Что ты с ними со всеми делаешь, Феденька?
Что ты делаешь со мной?!
Что я, Дама Бубен, с тобой сделала-сотворила?!
Будто повинуясь темному приказу, завыл Трисмегист. На луну, которой не было в дневных небесах; над покойником, которого не было здесь, на даче, меж светскими, живыми людьми.

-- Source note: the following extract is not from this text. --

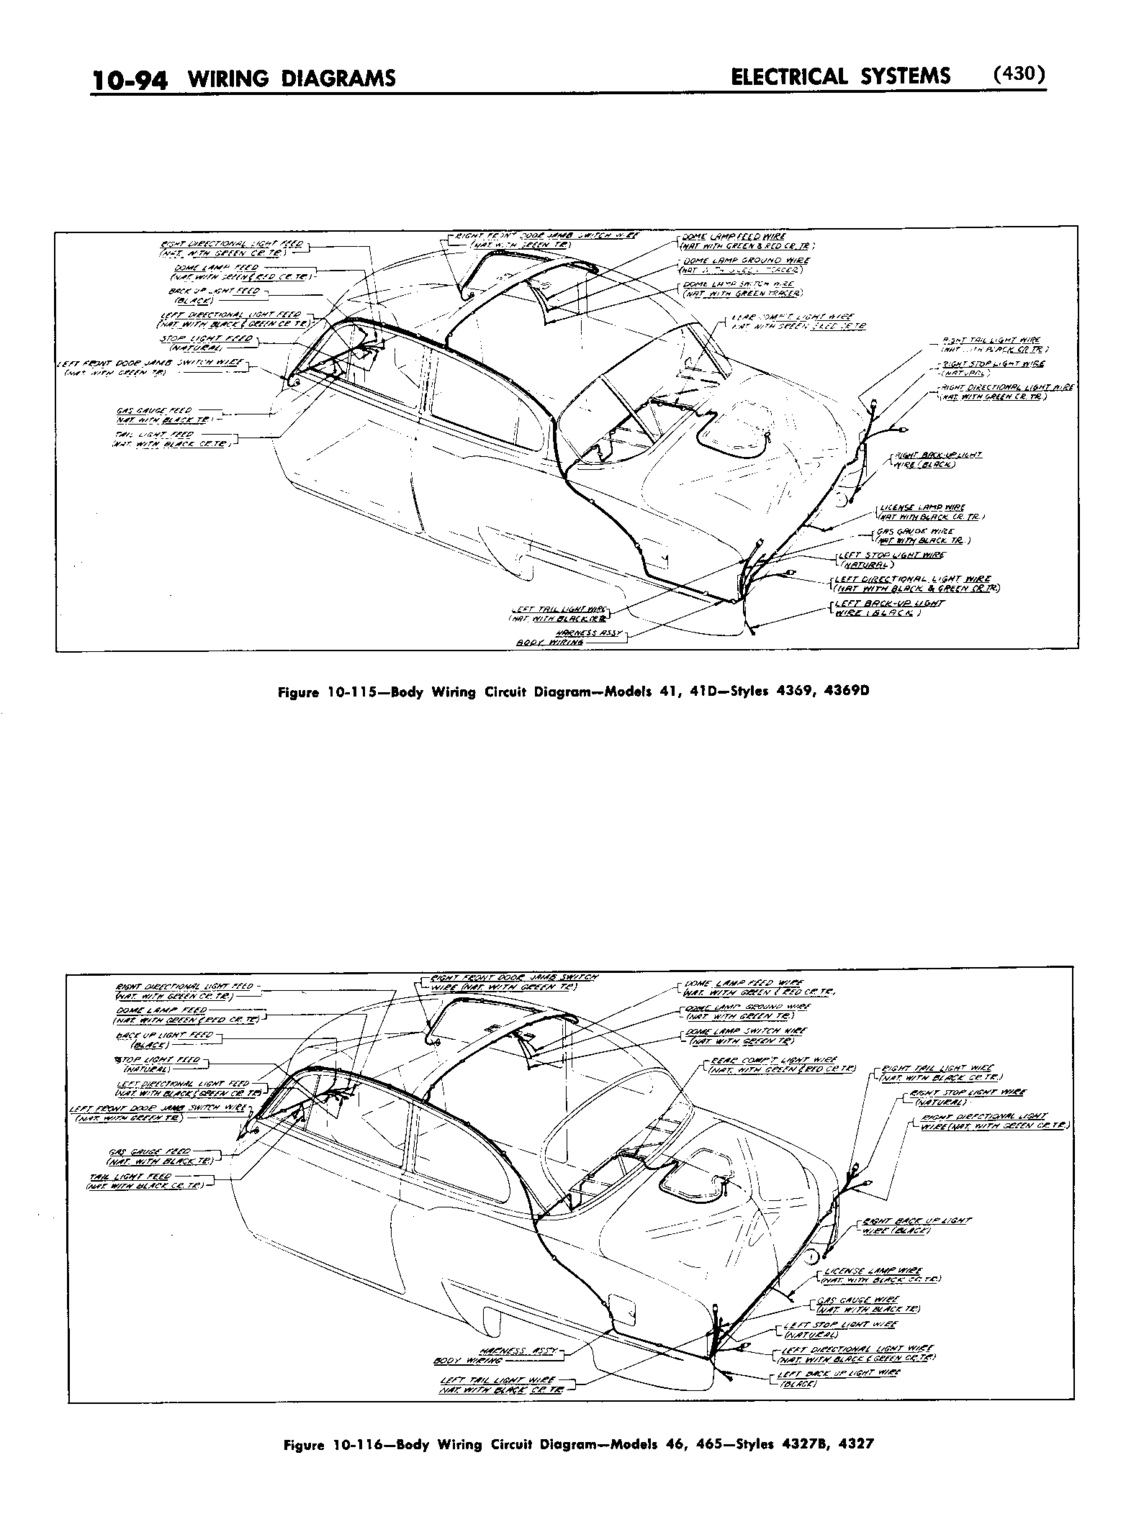 n_11 1952 Buick Shop Manual - Electrical Systems-094-094.jpg
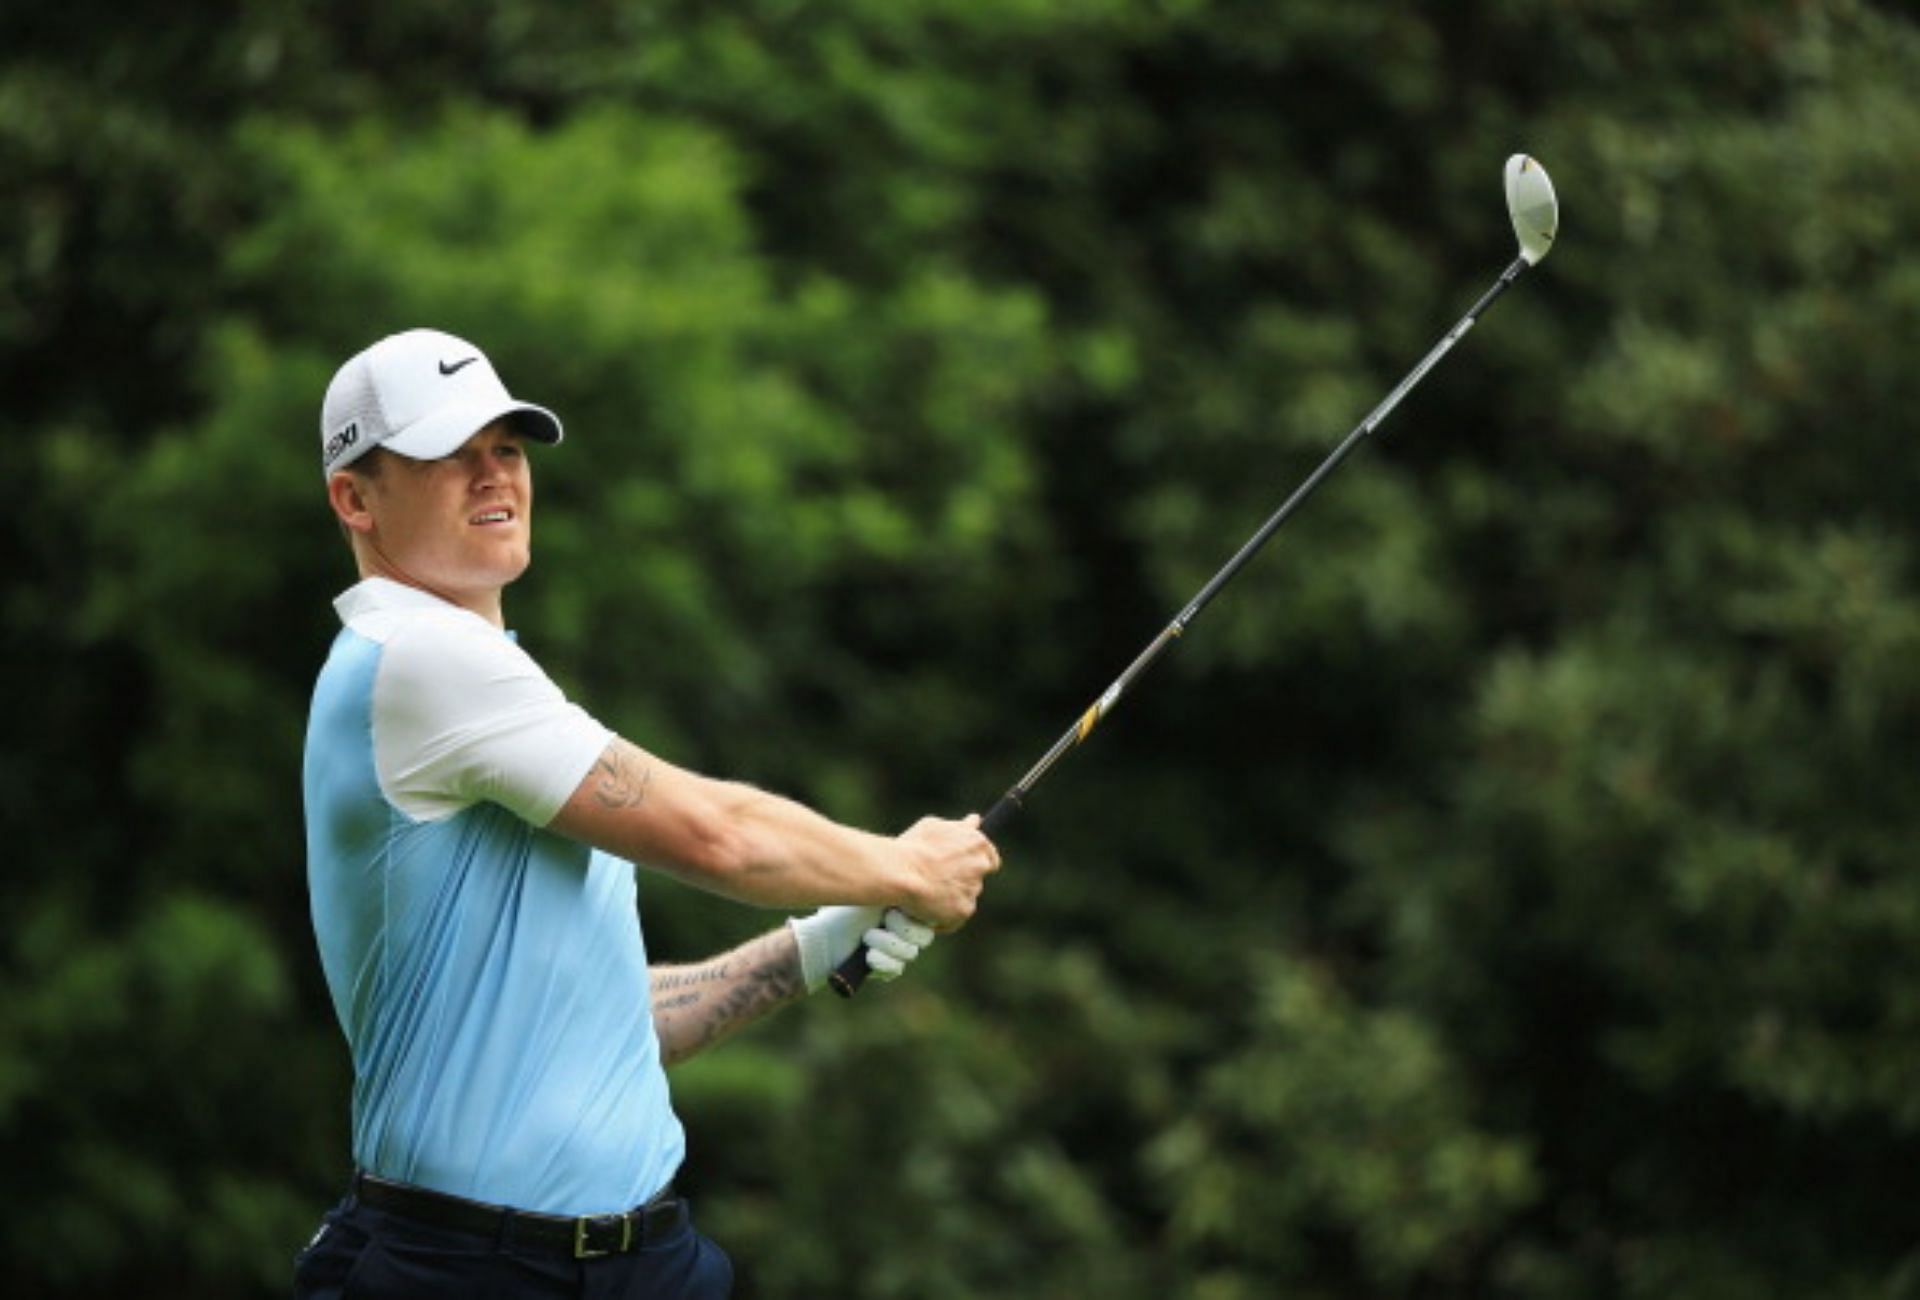 John Arne Riise is a well known amateur golfer (Image via Getty).

А в руках Федора возникла детская трещотка из липы. Сошлись ребристые грани, простучали каблучками по плитам, громыхнули подошвами тяжелых сапог; ветер раздернул бархат портьер, и вот, еле слышно — скрип открываемой двери.
Шаги.
Живые так не ходят.
Поодаль, нервным контрапунктом, возник ритм. Даже не глядя в ту сторону, продолжая терзать струны мандолины, ты знала: Акулька пальцами по краешку стола стучит. Акулька-Акулина, рябая девка-егоза; Александра Филатовна, маленькая женщина, пред которой весь персонал харьковского Зоологического сада на цыпочках ходит — да-с, господа хорошие, стучит пальцами.
Постукивает.
Легко-легко.
А мнится: мадридские кастаньеты вплелись в хор. И сразу зябко вздрогнули плечи, чуя дальний танец, стук лег на стук, вспенивая журчание мандолины памятью о ушедшей, почти забытой, — бывшей! — жизни, что стала болью памяти.
Спасибо за боль.
В последний раз скрипнула трещотка.
В последний раз отозвались тонкие пальцы на краешке стола.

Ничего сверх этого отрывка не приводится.